#### Input data ####

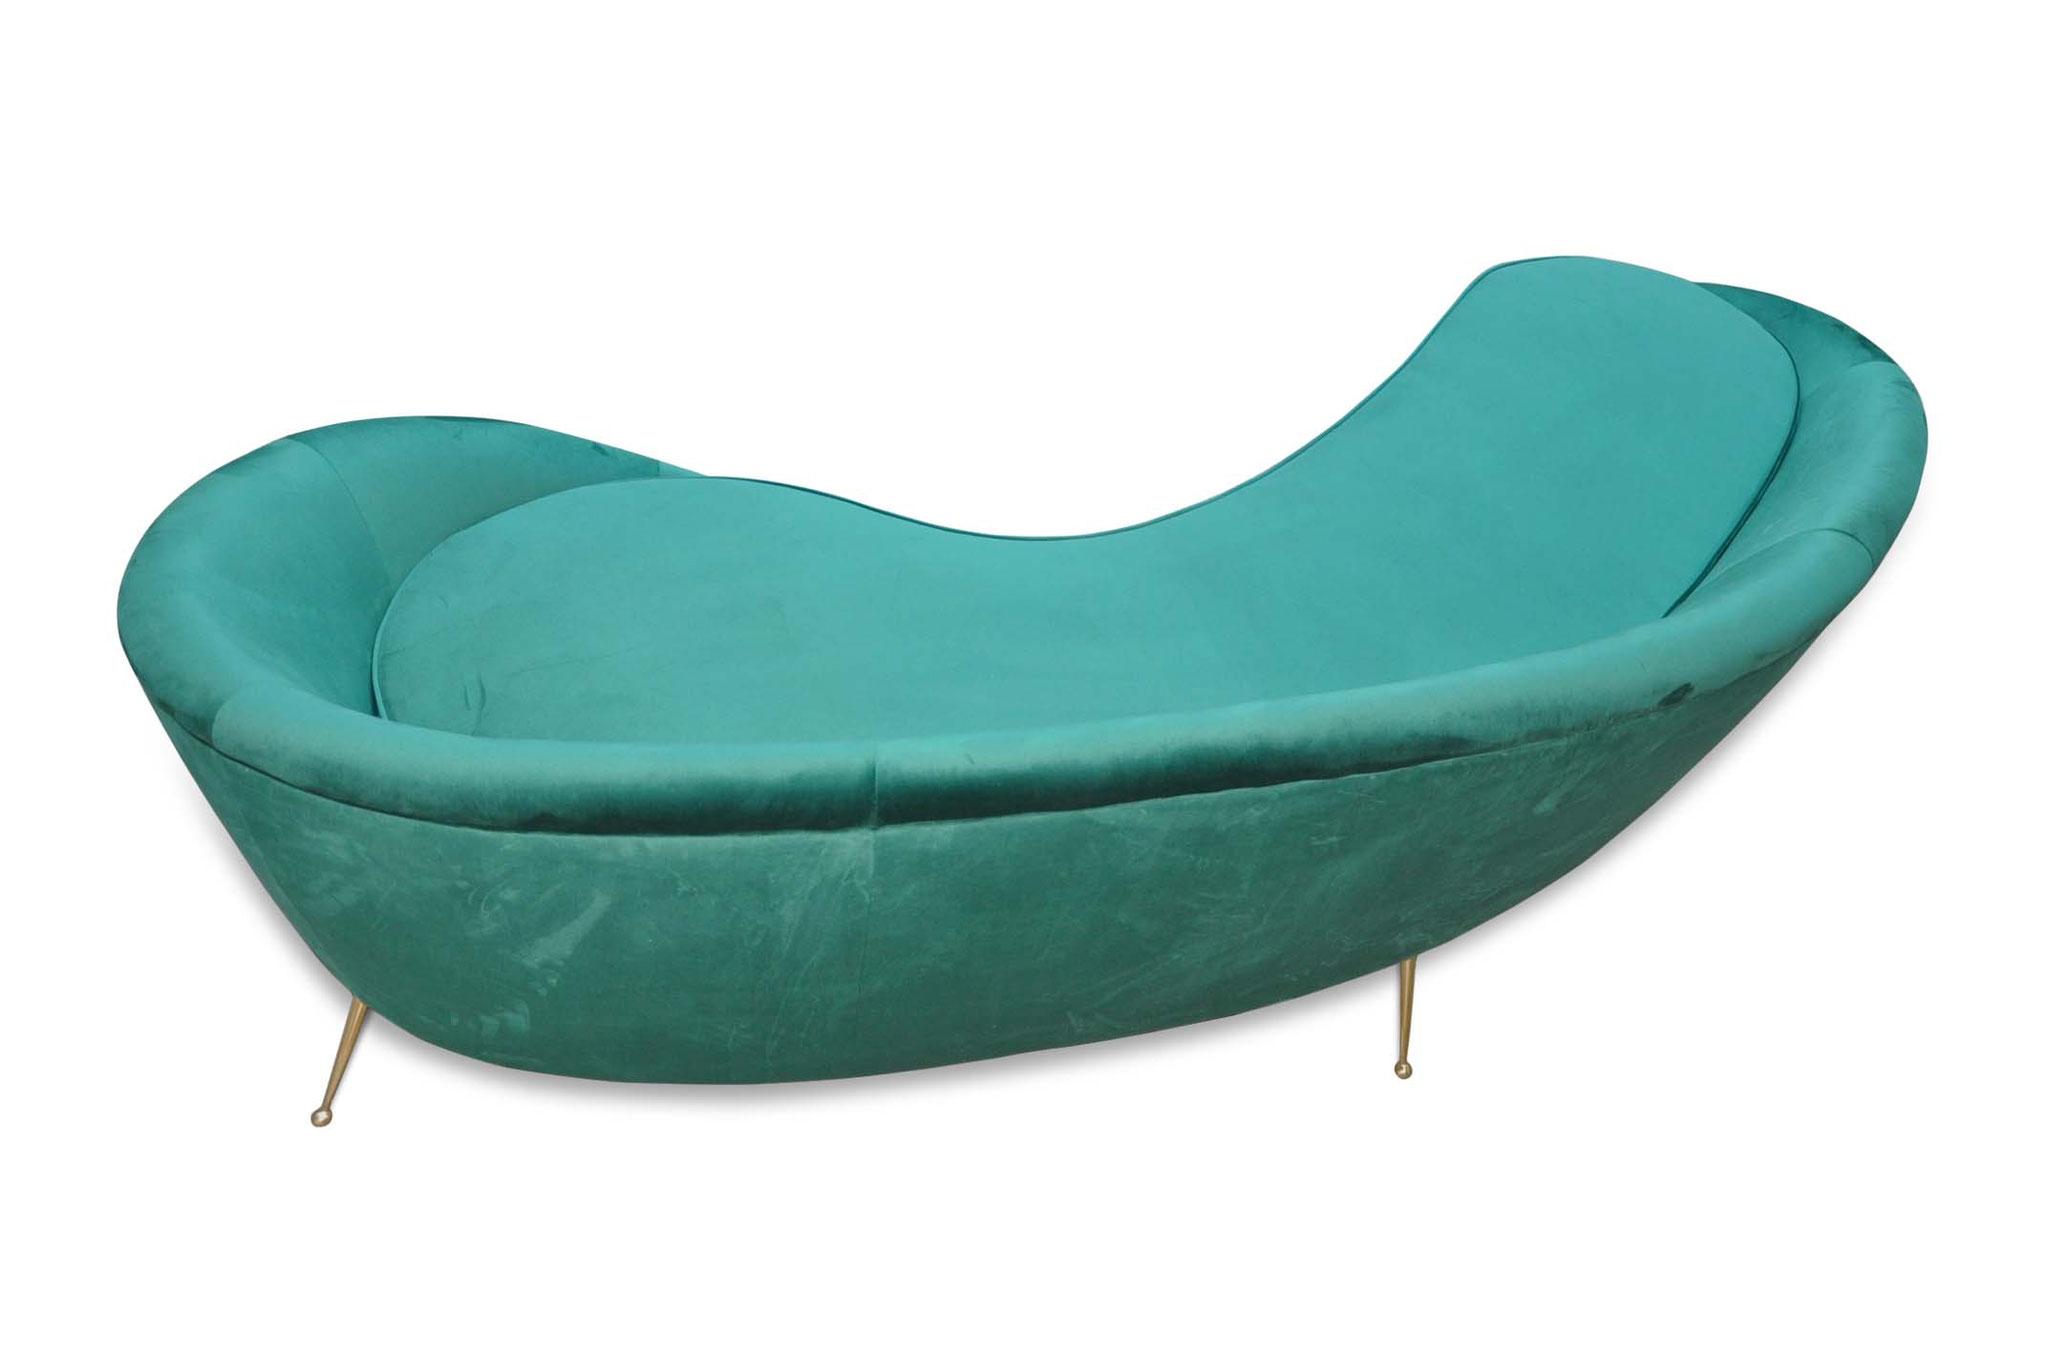 Divano curvo Ico Parisi mid century modern sofa
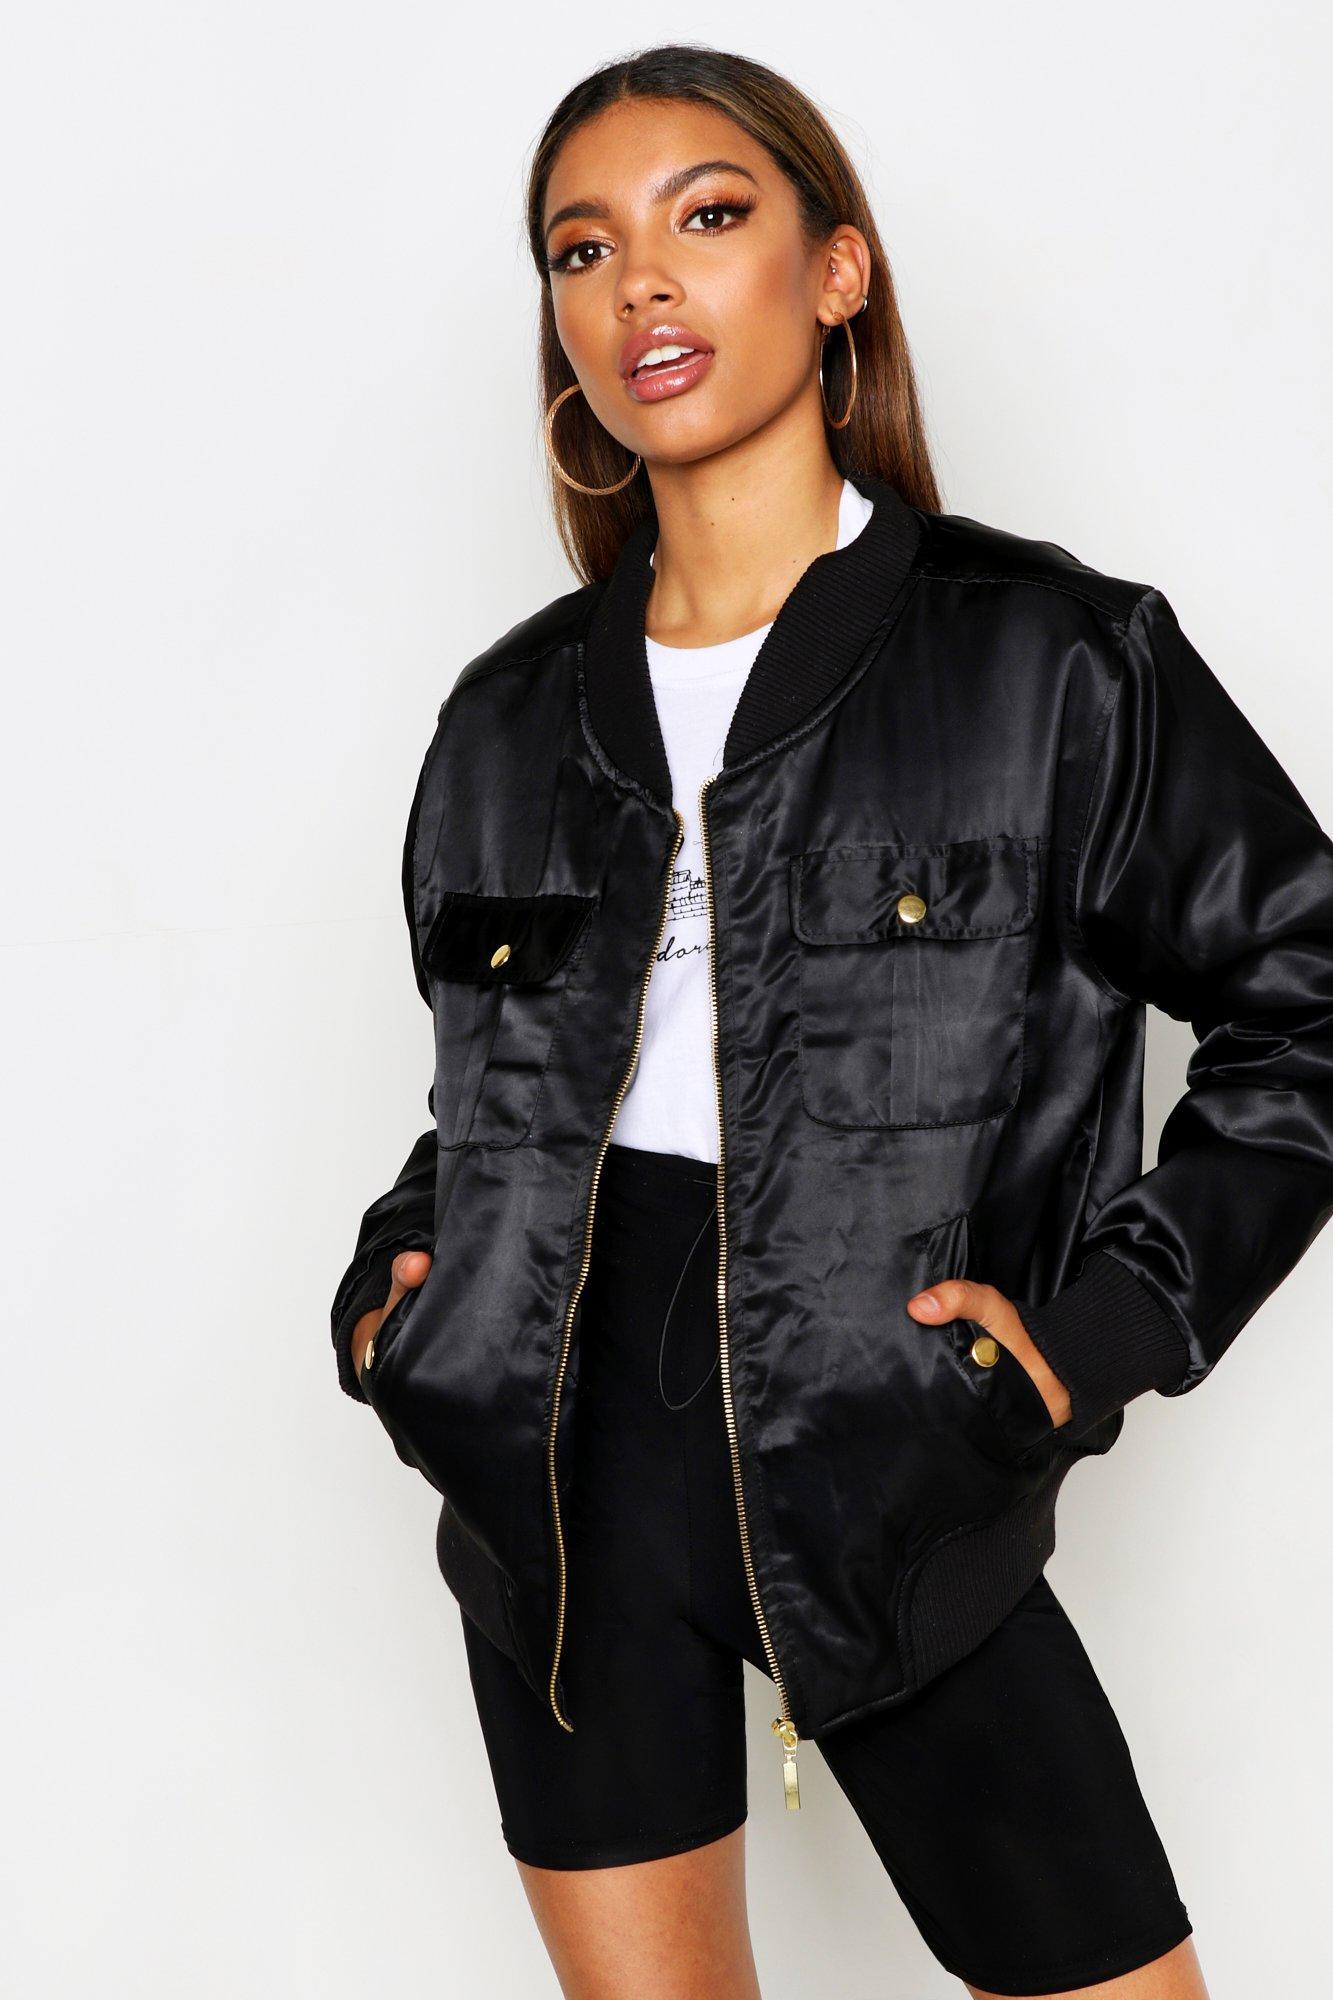 6e77e309866 asos bomber jacket with chest pocket black - Shop asos bomber jacket ...
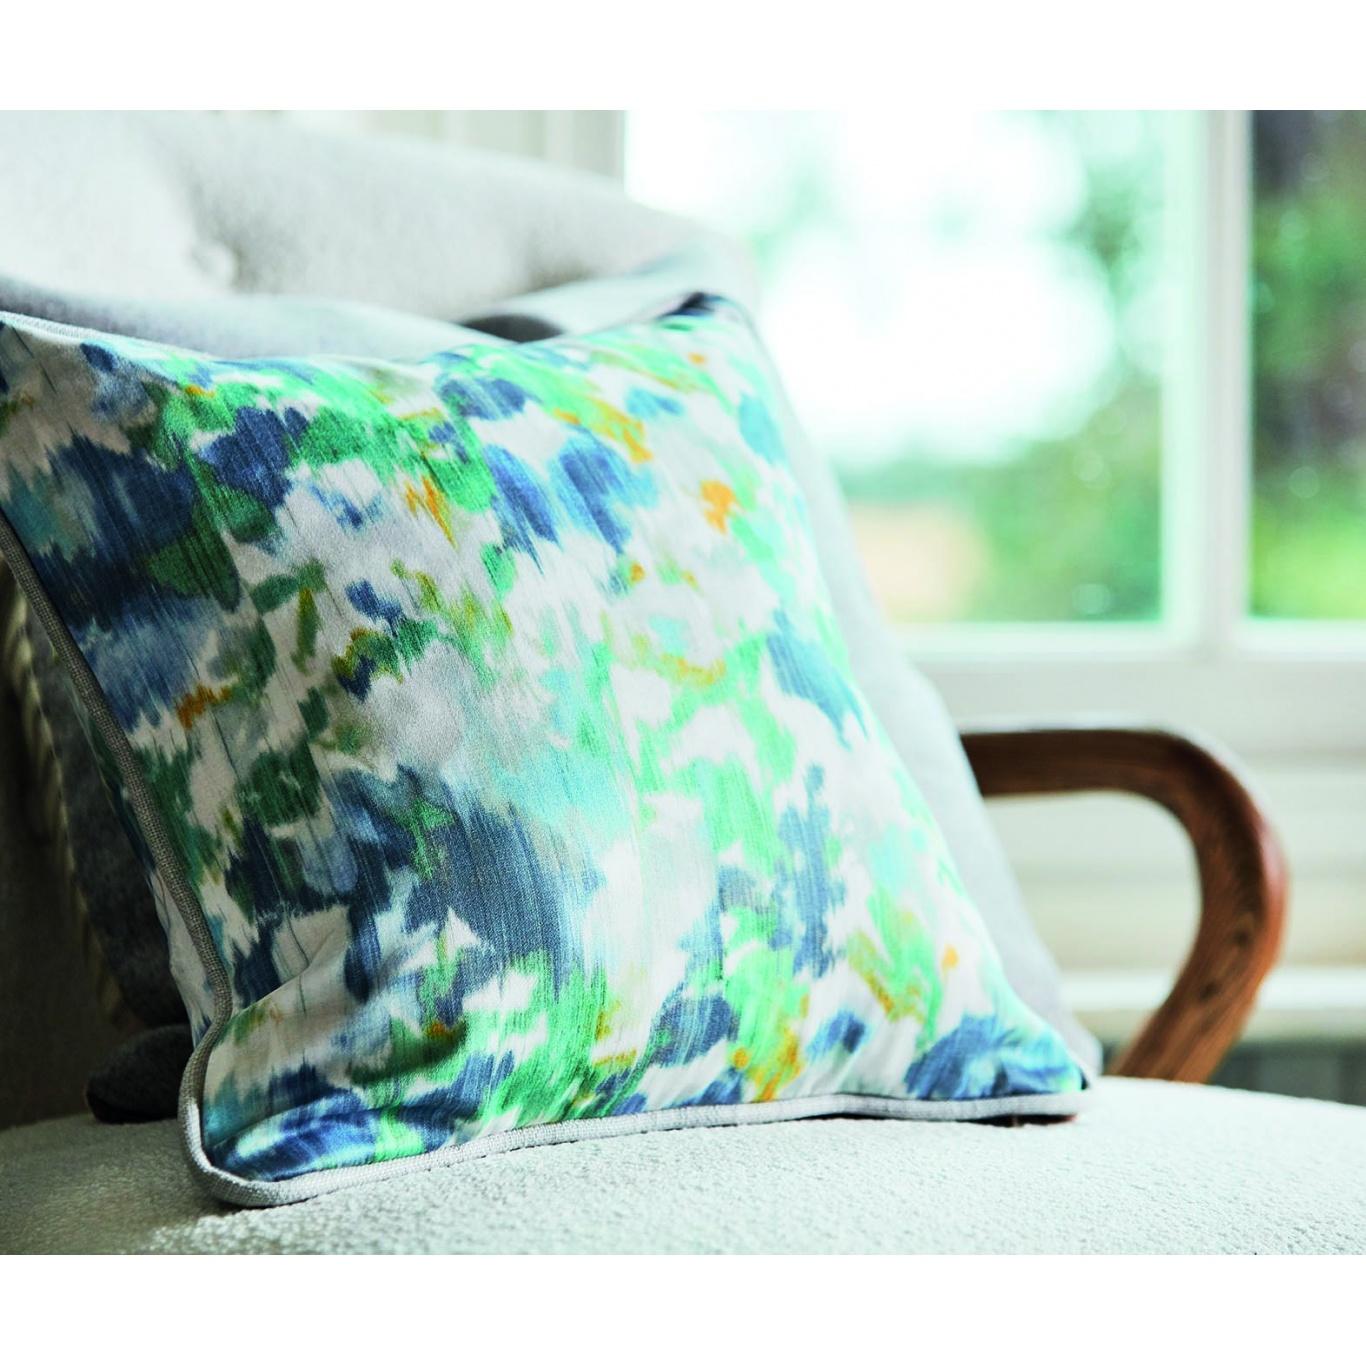 Sanderson Poet's Garden Teal/Indigo Fabric 226756
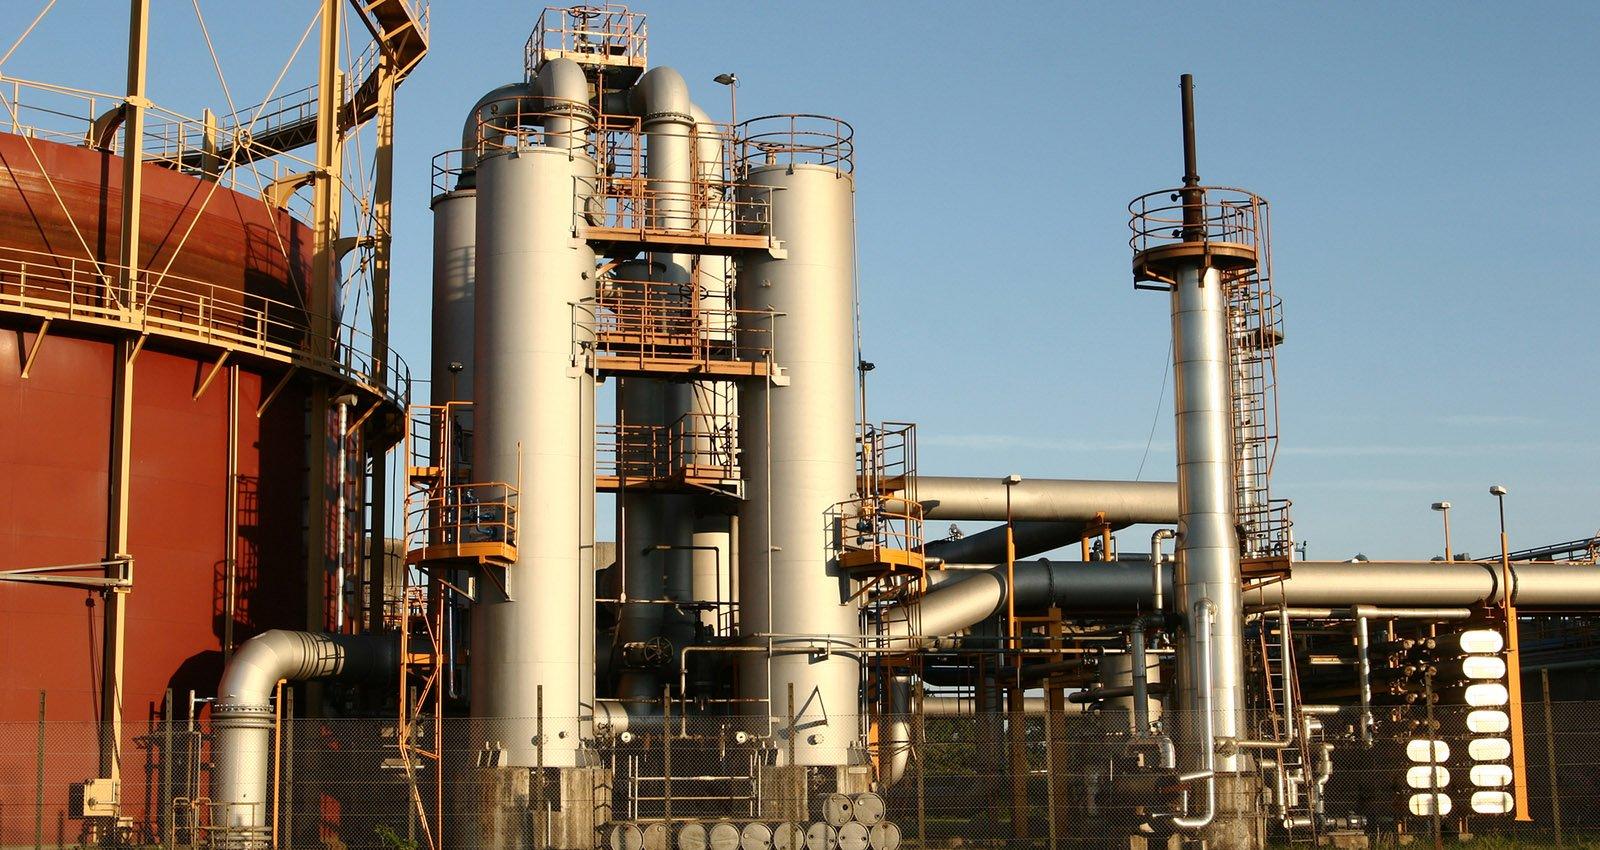 Opec erhöht Öl-Förderquote um 400.000 Barrel im Monat

####

• [Exercise] Nothing but the pictures may be dropped as you repeat the listing above exactly.

• [Answer to this problem]
 Divano curvo Ico Parisi mid century modern sofa
 6e77e309866 asos bomber jacket with chest pocket black - Shop asos bomber jacket ...
 Sanderson Poet's Garden Teal/Indigo Fabric 226756
 Opec erhöht Öl-Förderquote um 400.000 Barrel im Monat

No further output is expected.